KOIOS is an efficient and exact filter verification framework to find the top-k sets with the maximum biparitie matching to a query set. Here we use KOIOS for semantic overlap search, where semantic overlap is the maximum biparite matching score between the tokens of the query set and the candidate set.
- Clone the repository onto your local machine.
- Download the fasttext-database from here, and save it in the root folder.

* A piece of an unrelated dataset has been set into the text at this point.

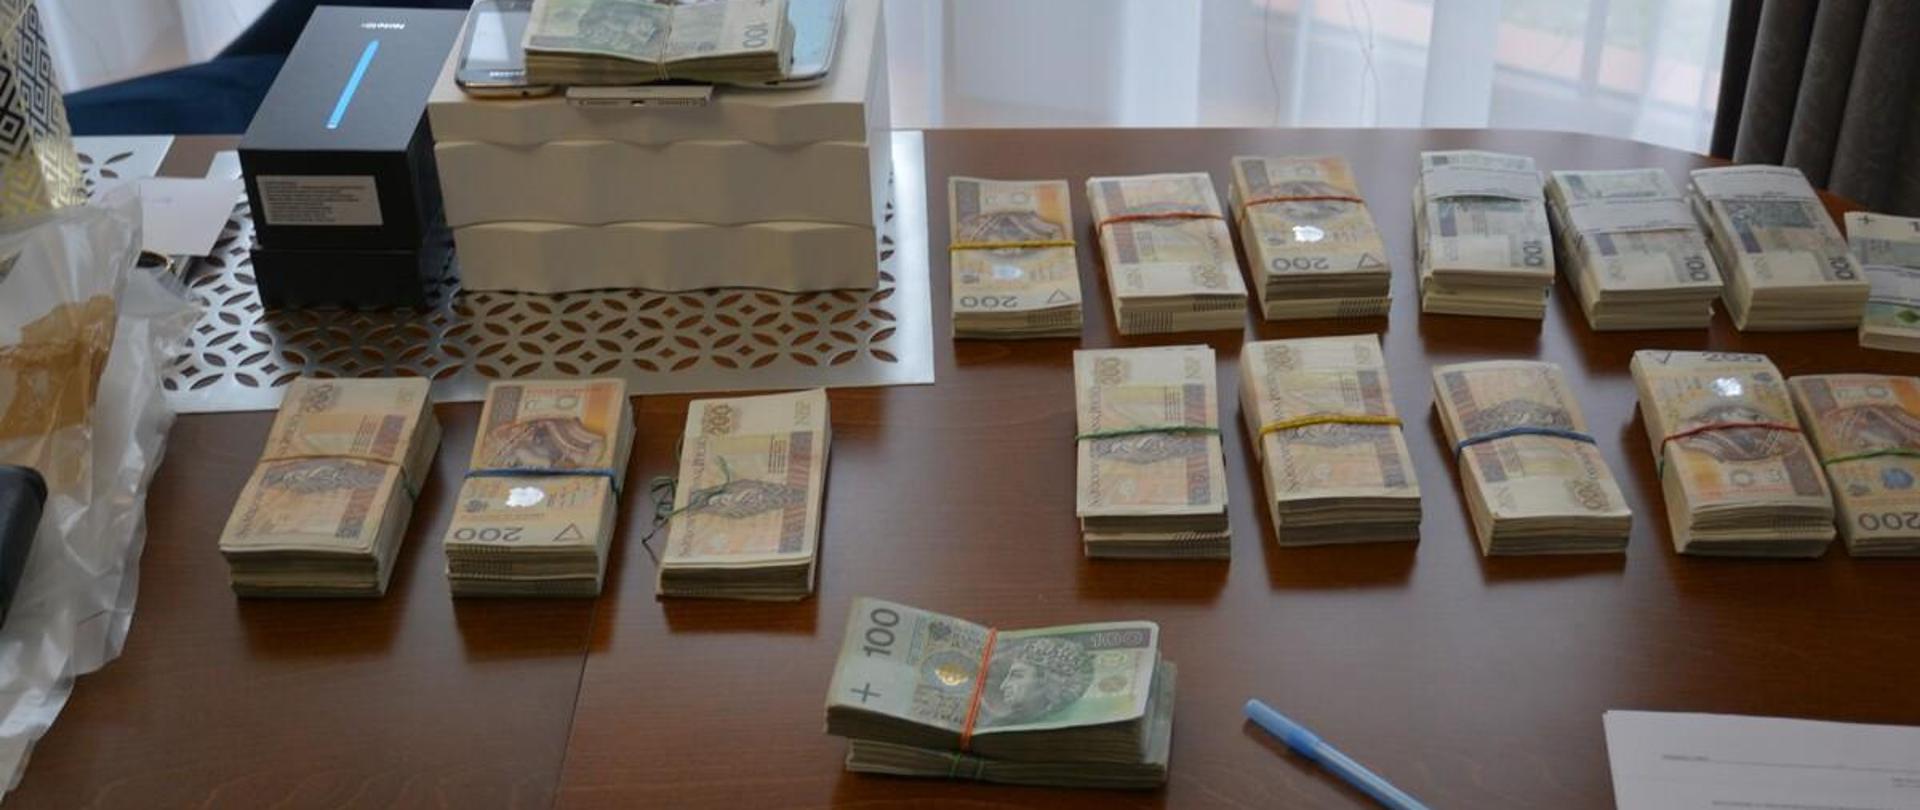 Podkarpacki pion PZ PK doprowadził do skazania 26 członków zorganizowanej grupy przestępczej zajmującej się czerpaniem korzyści majątkowych z prostytucji oraz handlem narkotykami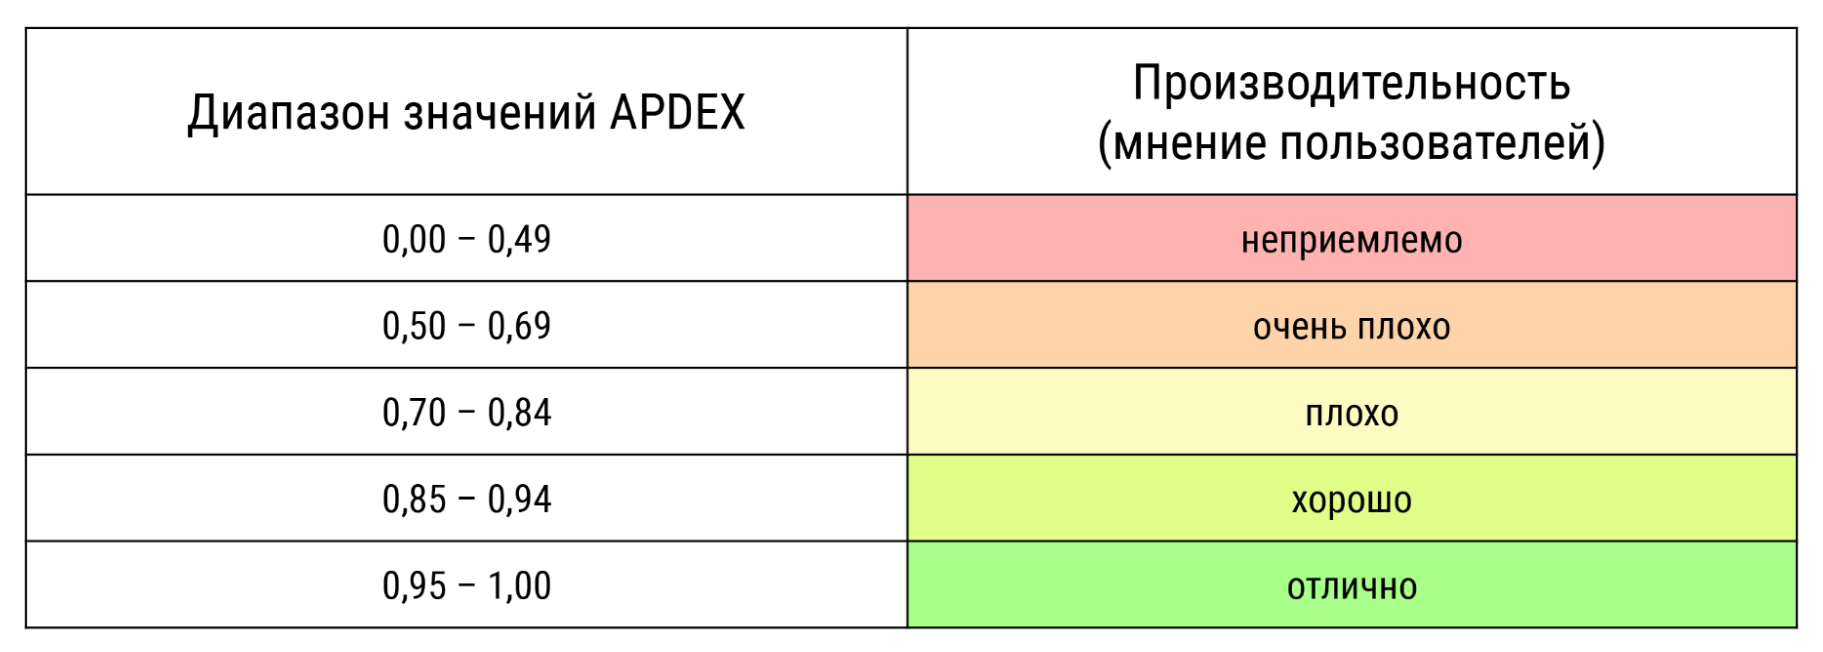 Диапазон значений APDEX

- Make sure all paths are correct in the
Makefile
- Run the following commands to initialize environment and Intel-OneAPI:
source bashrc
. /opt/intel/oneapi/setvars.sh --config=intel.config
For Syntactic Overlap Search
make koios-semantic
./build/koios-semantic <data-lake-path> <query> <result-location> <sim-threshold> <k> <number-of-partitions> 1
For Semantic Overlap Search using KOIOS
make koios-semantic
./build/koios-semantic <data-lake-path> <query> <result-location> <sim-threshold> <k> <number-of-partitions> 0
For Semantic Overlap Search using Baseline
make baseline-semantic
./build/baseline-semantic <data-lake-path> <query> <result-location> <sim-threshold> <k>
Cmake version 3.18 (version important):
If older version installed:
apt remove --purge --auto-remove cmake
Faiss index by Facebook:
- Refer INSTALL.md for details
- For now, if encountering any CUDA error, please use -DFAISS_ENABLE_GPU=OFF when compiling faiss
- Step 3: sudo make install "is not optional"
Sqlite3:
apt-get install sqlite3 libsqlite3-dev
FastText:
- Use the following API to generate the FastTextDB https://github.com/ekzhu/go-fasttext
Pull requests are welcome. For major changes, please open an issue first to discuss what you would like to change.
Please make sure to update tests as appropriate.